Yale historian David Brion Davis wins National Book Critics Circle Award
David Brion Davis, Sterling Professor Emeritus of American History, has won the 2015 National Book Critics Circle Award in general non-fiction for his book “The Problem of Slavery in the Age of Emancipation” (Knopf, 2014).
The culmination of more than 50 years of research, Davis’ award-winning work is the third volume in his “Problem of Slavery” trilogy, which includes the Pulitzer Prize-winning “The Problem of Slavery in Western Culture” (1966) and “The Problem of Slavery in the Age of Revolution, 1770–1823” (1975).
This latest work suggests that slavery is both the cornerstone of and the fundamental challenge to the basic principles of New World nation-building: labor and production, citizenship and human rights. The New York Times’ Sunday Book Review described “The Problem of Slavery in the Emancipation” as a “superb” book that “should be essential reading for anyone wishing to understand our complex and contradictory past.”

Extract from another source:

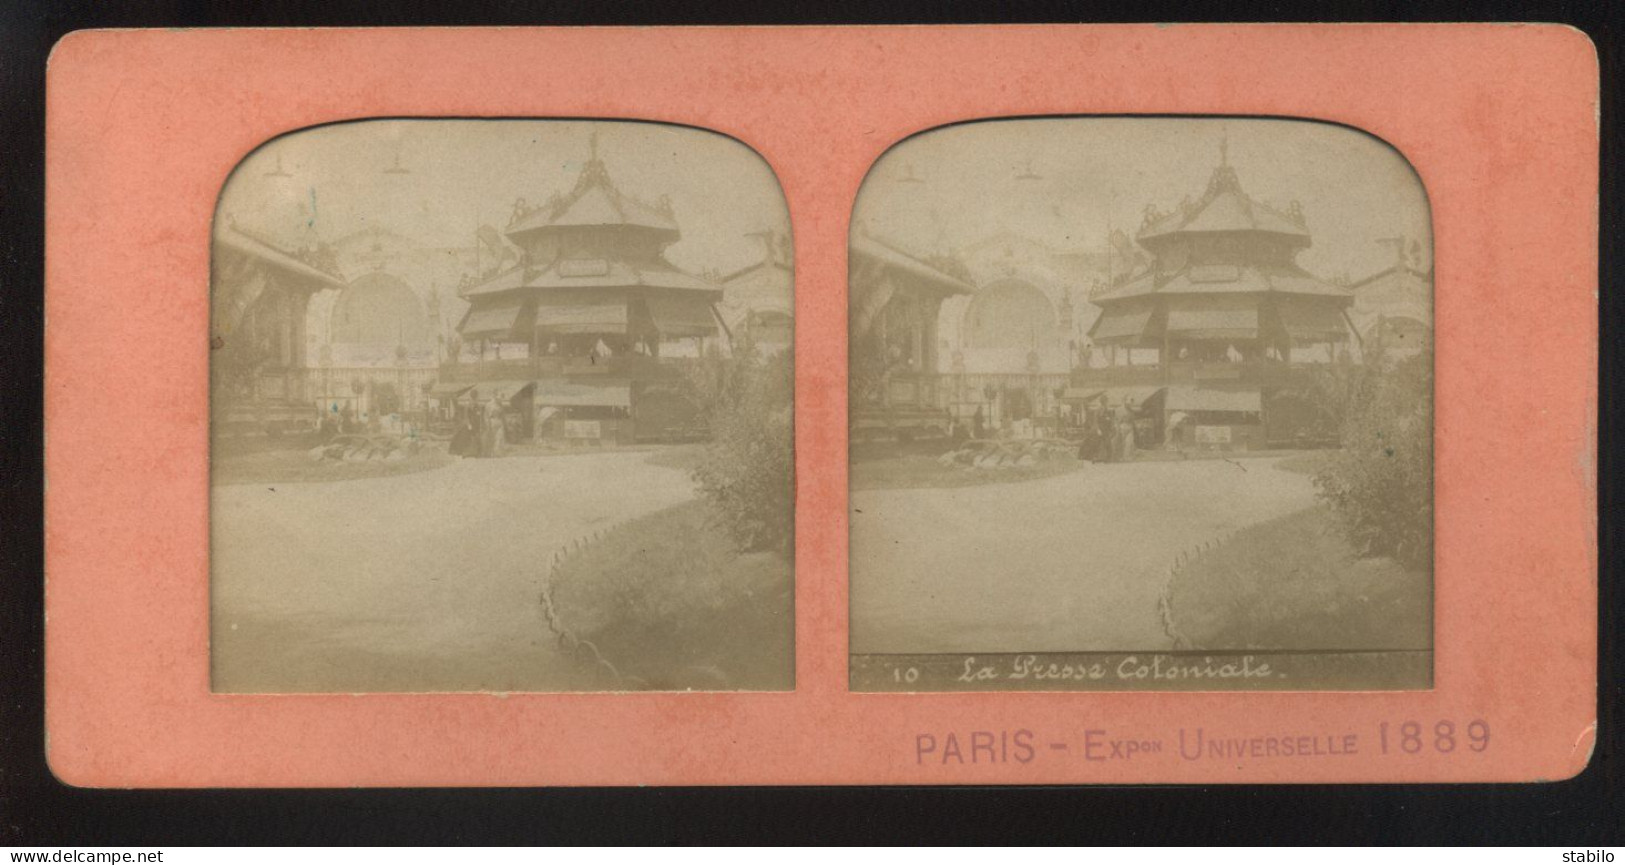 PHOTO STEREO CONTRE LA LUMIERE - PARIS EXPOSITION UNIVERSELLE 1889 - LA PRESSE COLONIALE - Stereoscopic

Widely recognized as one of the foremost authorities on the history of slavery and abolitionism, as well as one of the most influential cultural and intellectual historians of his generation, Davis is director emeritus of Yale’s Gilder Lehrman Center for the Study of Slavery, Resistance, and Abolition. He is the author or editor of 16 books, including “Inhuman Bondage: The Rise and Fall of Slavery in the New World” and “Slavery and Human Progress.”